The Trump executive order – which had been rumored to be in the works for weeks – directs the Labor Department and the Securities and Exchange Commission (SEC) to provide guidance to employers and plan administrators to include private equity (PE) investments in workers’ 401(k) plans. This has long been one of the industry’s top priorities, and it’s not hard to see why – there is $12.4 trillion in retirement accounts at stake. But significant hurdles remain.

For starters, the whole business is inherently risky. The private equity model involves lining up investors in private funds, and using that money to buy up companies – often with a lot of debt, known as a leveraged buyout. The targeted company is saddled with that debt, and the new PE managers seek to dramatically slash costs. After raking in substantial management fees, the owners seek to exit the deal within a few years. Unlike most publicly traded companies, PE funds operate with little in the way of transparency or accountability. 

To many wealthy investors, none of that matters when things are going well. But lately, the PE industry has been struggling; it has underperformed the S&P 500 the last five years. Some large PE funds are having trouble selling the companies in their portfolios and returning cash to their investors – in part because they have spent years overvaluing those companies. On top of that, exit deals have slowed down considerably, and higher interest rates have increased the cost of maintaining all that debt. 

All of that means that private equity is losing its appeal to investors. This year, New York City’s pension system sold off $5 billion of its PE investments across 125 funds, after a year of meager returns. So why would it make sense for individual investors to jump in now? Even in a better investment environment, it hasn’t proven to be very attractive. During the first Trump administration, the Labor Department issued guidance giving employers the ability to adopt 401(k) plans that included private equity investments. But there has been little take-up. Less than 10 percent of retirement plans offer any kind of alternative investments, and investments in PE are available in only 2.4 percent of them. 

It’s not hard to see why. For decades, major pension funds have invested billions in private equity funds. According to PitchBook’s Pension Fund Tracker, the 50 largest pension funds returned an average 7.4% return over the past decade. A plain vanilla portfolio (60% stocks and 40% bonds) returned 8.1% over the same period. We see a similar trend with university endowments; the top 50 university endowments invested just over $800 billion in various “alternative” private assets – a category that includes private equity buyout funds and private credit. Their return? 8.3 percent – not much different than a plain vanilla mutual fund. 

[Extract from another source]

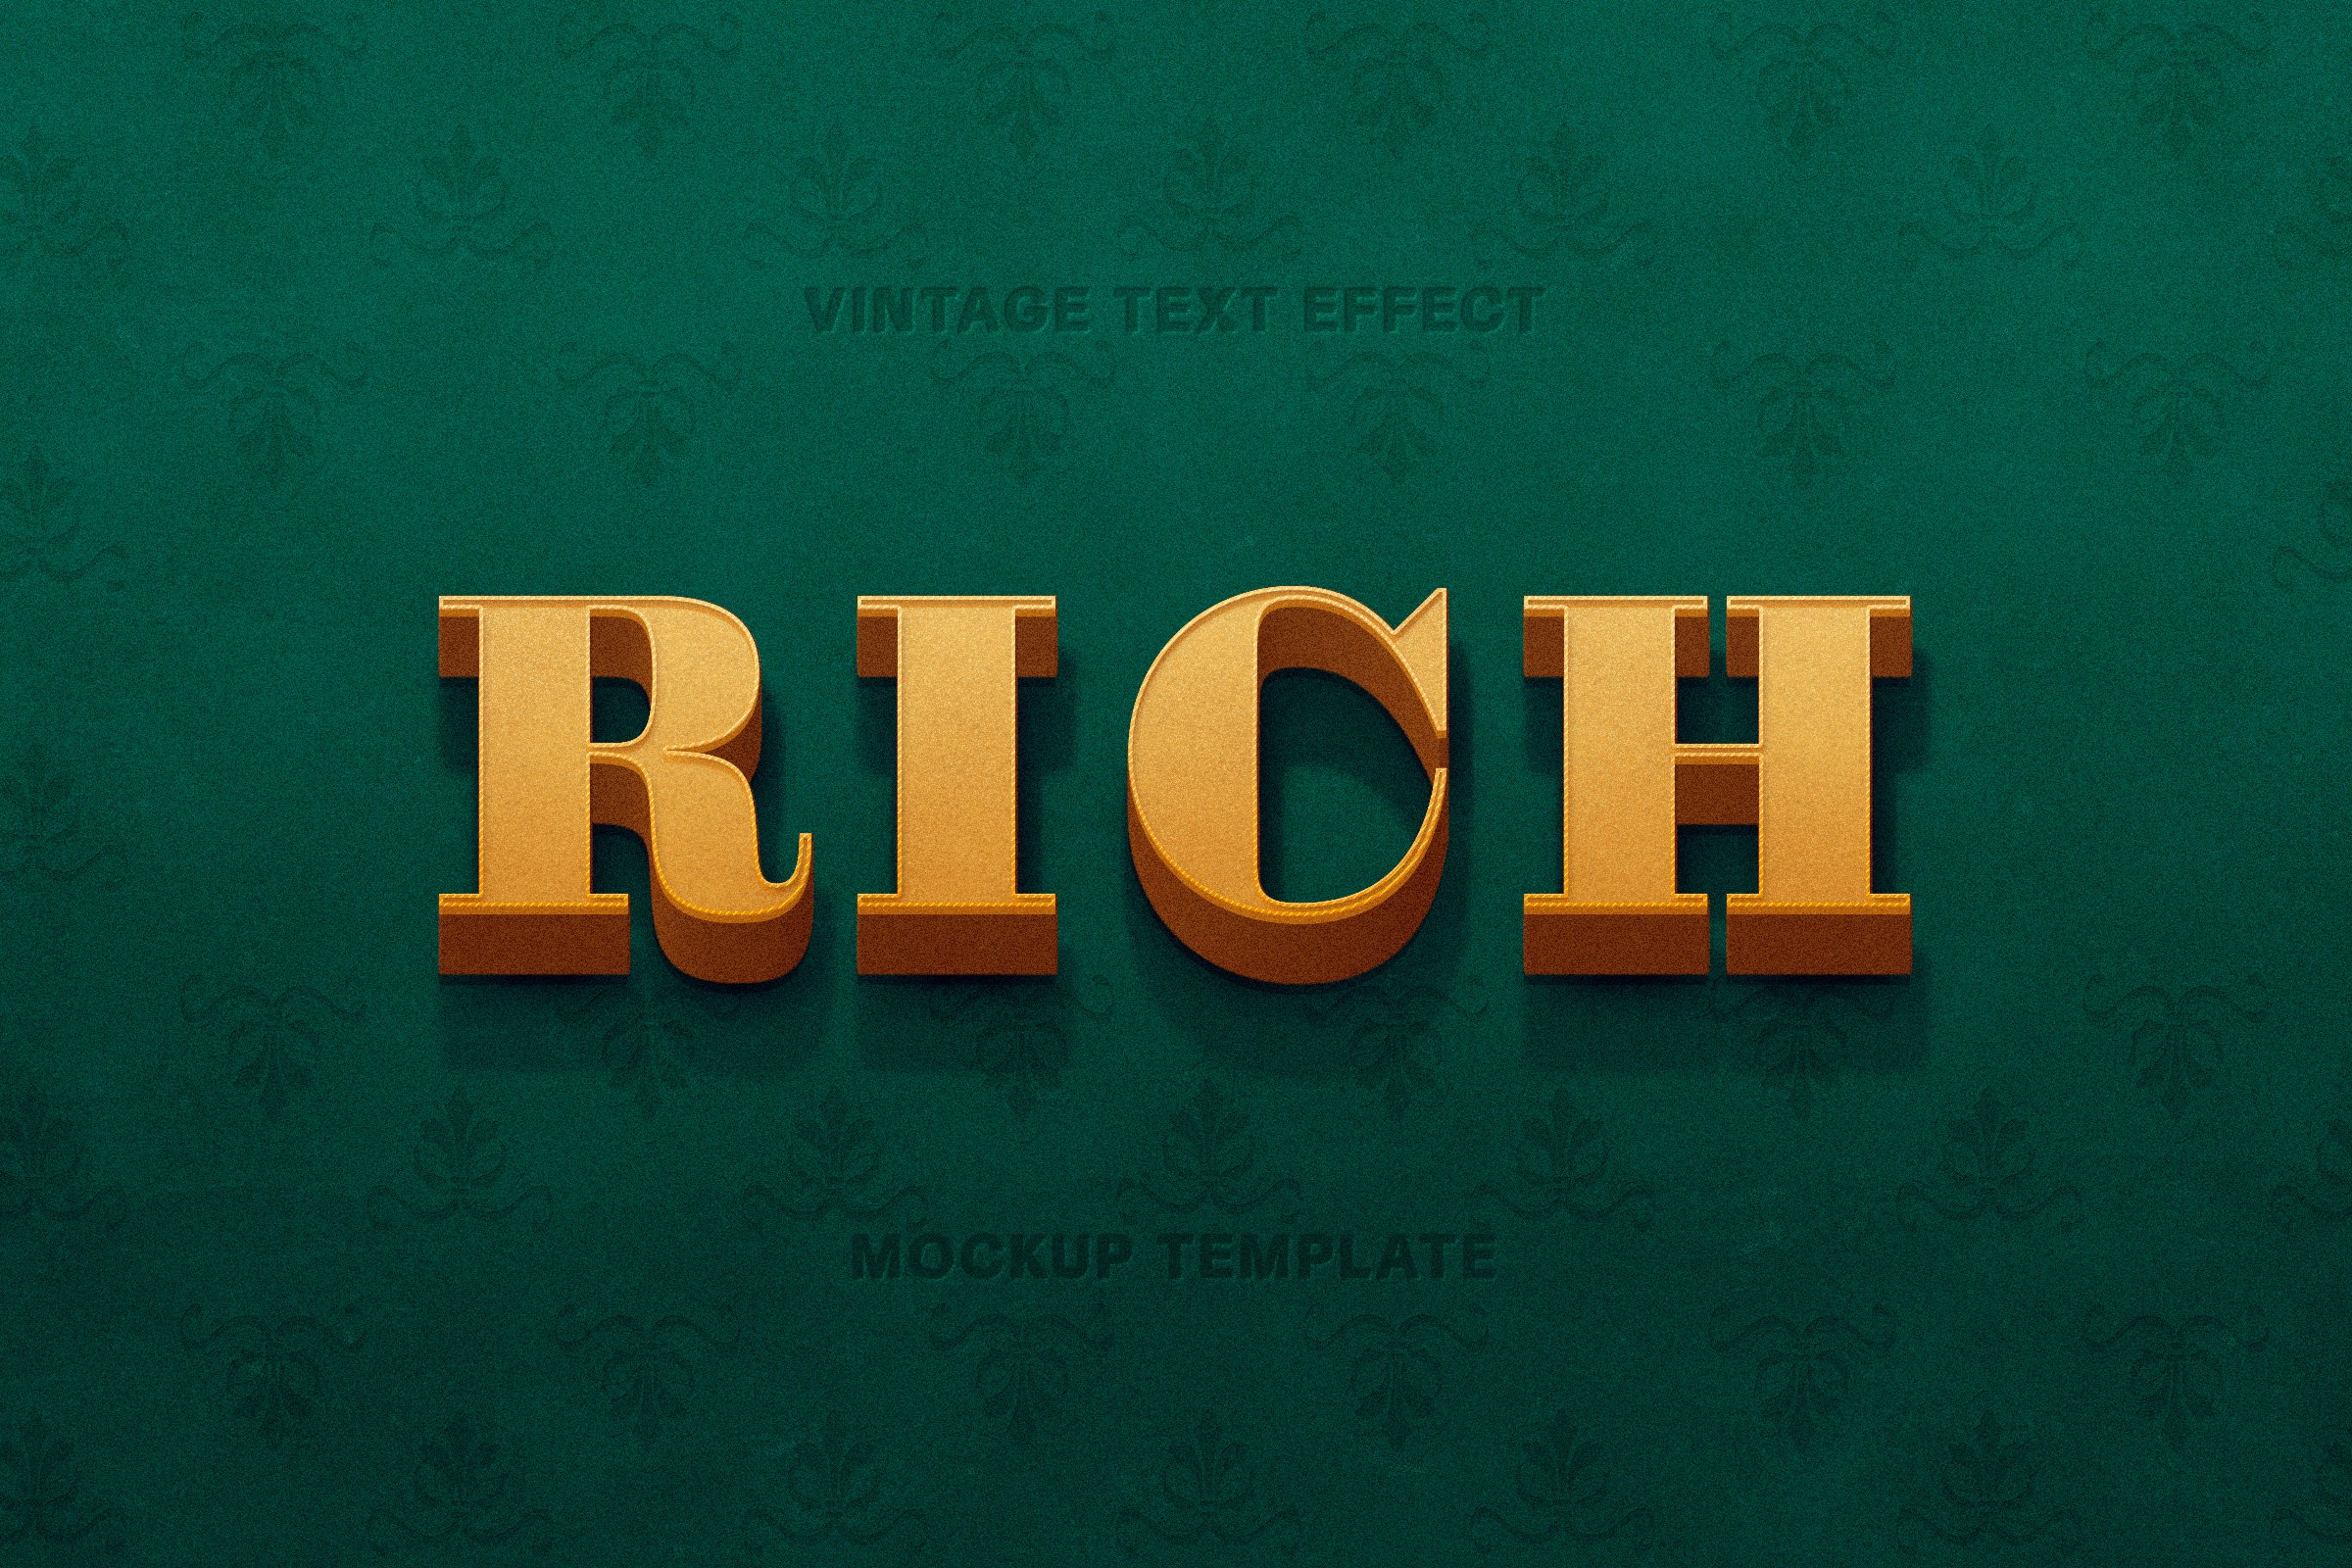 Vintage Text Effectpreview image.

And there is another factor: Investment advisors and employers are afraid of being sued over high fees and disappointing returns from PE investments. If advisors do not have confidence such investments will deliver strong returns, they will likely steer clear. Trump’s executive order did not include an explicit weakening of employers’ fiduciary responsibility. There is no safe harbor in the order that protects employers from being sued by workers if PE plans underperform.

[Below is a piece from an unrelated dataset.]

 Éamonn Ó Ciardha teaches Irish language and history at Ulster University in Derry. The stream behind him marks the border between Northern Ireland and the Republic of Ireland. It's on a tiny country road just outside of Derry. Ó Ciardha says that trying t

It’s clear that private equity needs the kind of cash infusion that could come from retirement accounts. Institutional investors are getting out, fundraising is down, and the private equity industry’s assets shrank for the first time in decades. It’s clear that the Trump administration wants to do the industry a favor, but the industry may not have gotten all it asked for. In the end, employers may be hesitant to expose millions of retirees to risky, opaque investments that, for workers, may be a recipe for disaster.